SS officer, Holocaust perpetrator (1910–1947)

Emil Haussmann (11 October 1910 – 31 July 1947) was a German SS functionary during the Nazi era. He was part of Einsatzkommando 12 of Einsatzgruppe D, which perpetrated the Holocaust in occupied Ukraine. Haussmann was charged with crimes against humanity in 1947 in the Einsatzgruppen Trial. Two days after his indictment, Haussmann committed suicide.

==Life==
Emil Haussmann was the son of an accountant in Ravensburg. He joined the Nazi Party in January 1930—three years before the Machtergreifung—at the age of 19. Haussmann was a grade school teacher. In 1937, he became a full-time employee of the Sicherheitsdienst (SD), and took over the SD-Oberabschnitt Süd-West Southwest, based in the Judenreferat in Stuttgart.
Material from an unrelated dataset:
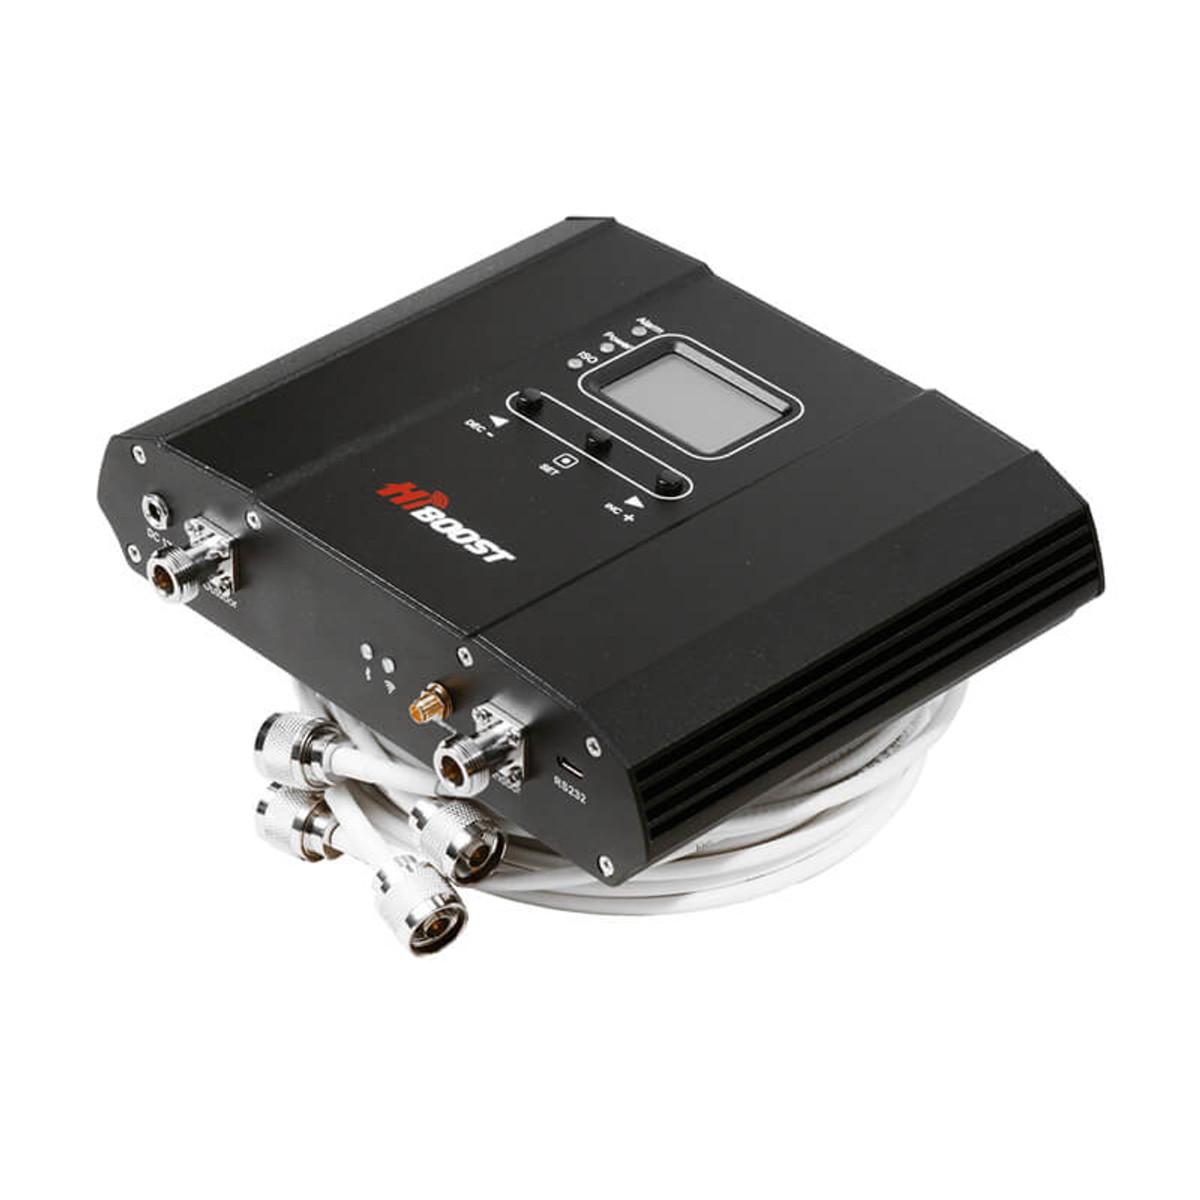 HiBoost Home 10K Smart Link Signal Booster Amplifier

During the invasion of Poland, Haussmann was part of Einsatzgruppe VI. There he was the "right hand man" for Albert Rapp, the leader of the Eins. Commanding this Einsatzgruppe was Erich Naumann, who was later a co-defendant of Haussmann. After the end of hostilities, Haussmann remained with Rapp in Poland; Rapp led the Umwandererzentralstelle in Poznań. This office coordinated the expulsion of Poles, Ukrainians, and Jews, in Reichsgau Wartheland, Reichsgau Danzig-West Prussia, East Upper Silesia and Aktion Zamosc. Haussmann joined Einsatzkommando 12 during the invasion of the Soviet Union, during which he participated in the mass murder of Jews in Ukraine.

==Trial and suicide==
In 1947 he was one of 24 defendants at the Einsatzgruppen Trial. On 29 July 1947, he received the indictment along with his co-defendants: (1) crimes against humanity, (2) war crimes, and (3) membership in a criminal organization.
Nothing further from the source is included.